The e-mail, according to Kroger, which the scammers are sending, claim that they're employed in a computer organization as also that there's an enormous danger about the recipient's PC getting contaminated with malware because of massive Internet usage.

Essentially, the scammers tell end-users that they can safeguard the latter's systems and make them follow every measure-of-defense against computer worms; however, while communicating all these, the fraudsters acquire control over the end-users' PCs.

Another medium through which the fraud operates is the telephone.

A particular end-user was preyed upon when an individual, who asserted he worked for Login4Speed an organization in New York, contacted him. However, when the officials dispatched a letter to the organization at its listed address, it came back citing delivery failure. Consequently, they feel the scam is from some foreign country.
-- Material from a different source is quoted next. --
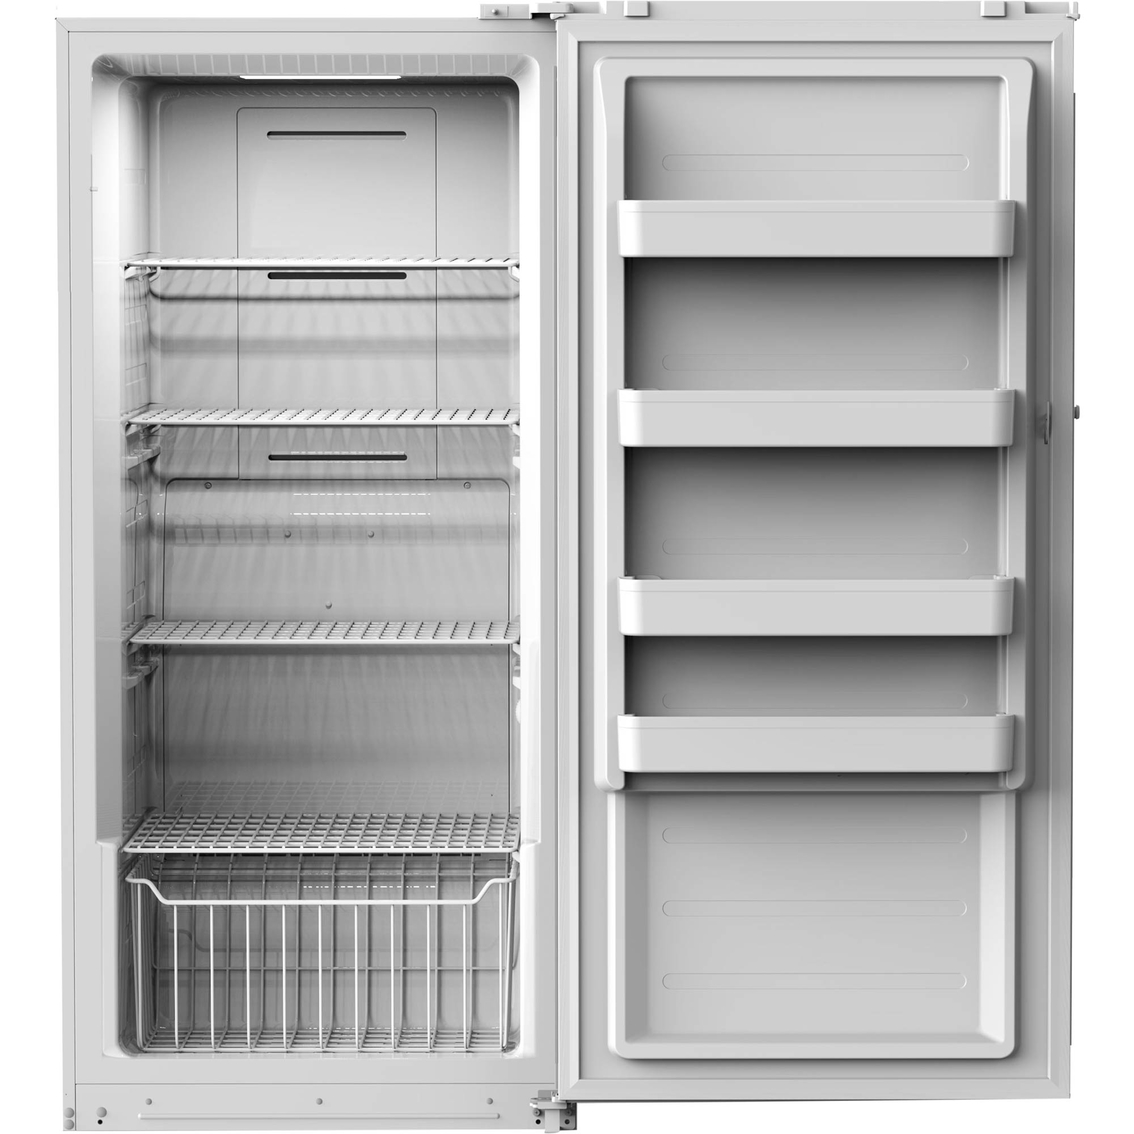 Midea 14 Cu Ft Upright Freezer Freezers Furniture And Appliances Free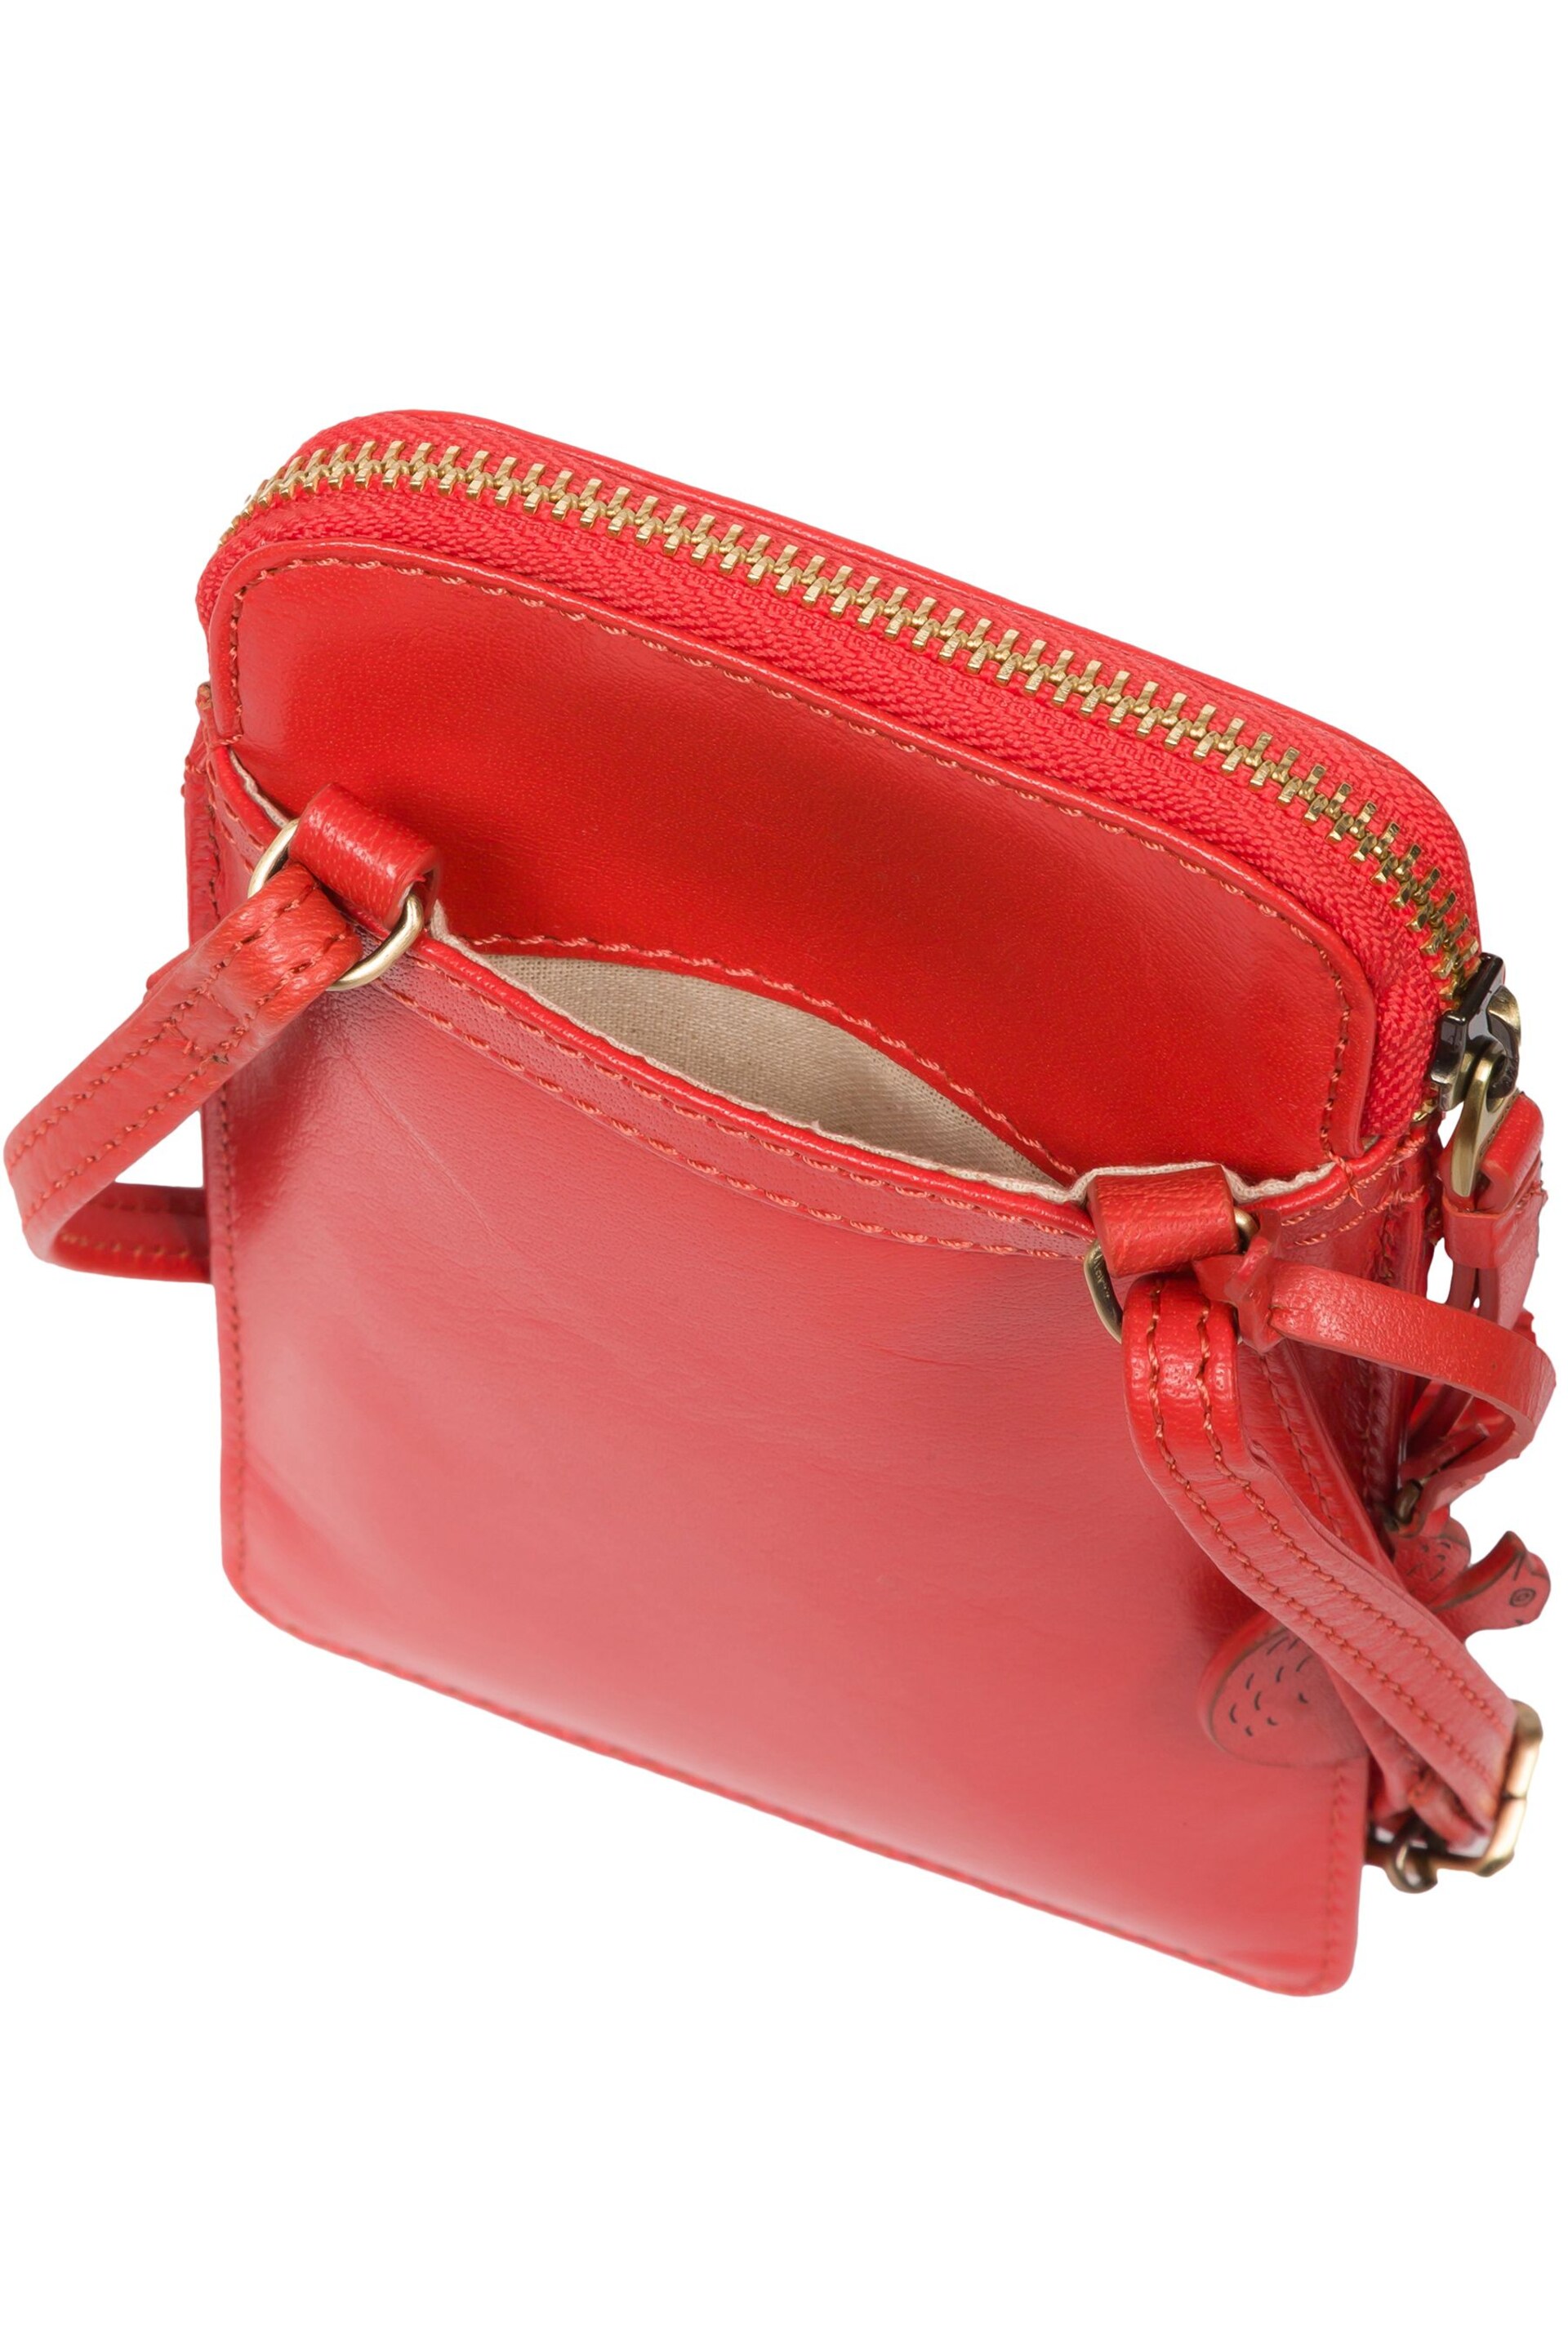 Conkca Bambino Leather Cross-Body Phone Bag - Image 7 of 8

Meanwhile according to security researchers, during 2010, Oregonians reportedly lost almost $2m because of e-mail frauds.

Recommended AG Kroger that incase anyone got an unsolicited phone call or e-mail asserting that his PC was in danger else required attention, that person must disconnect the line or erase the e-mail. Also, he mustn't follow web-links or view attachments sent within suspicious e-mails, Kroger advised. Democratherald.com reported this on July 9, 2011.

Kroger further suggested that pop-up ads, which usually introduced malware mustn't be trusted especially if they presented freebies, contests or surveys. Moreover, pop-up ads soliciting personal information should be strictly avoided, he continued.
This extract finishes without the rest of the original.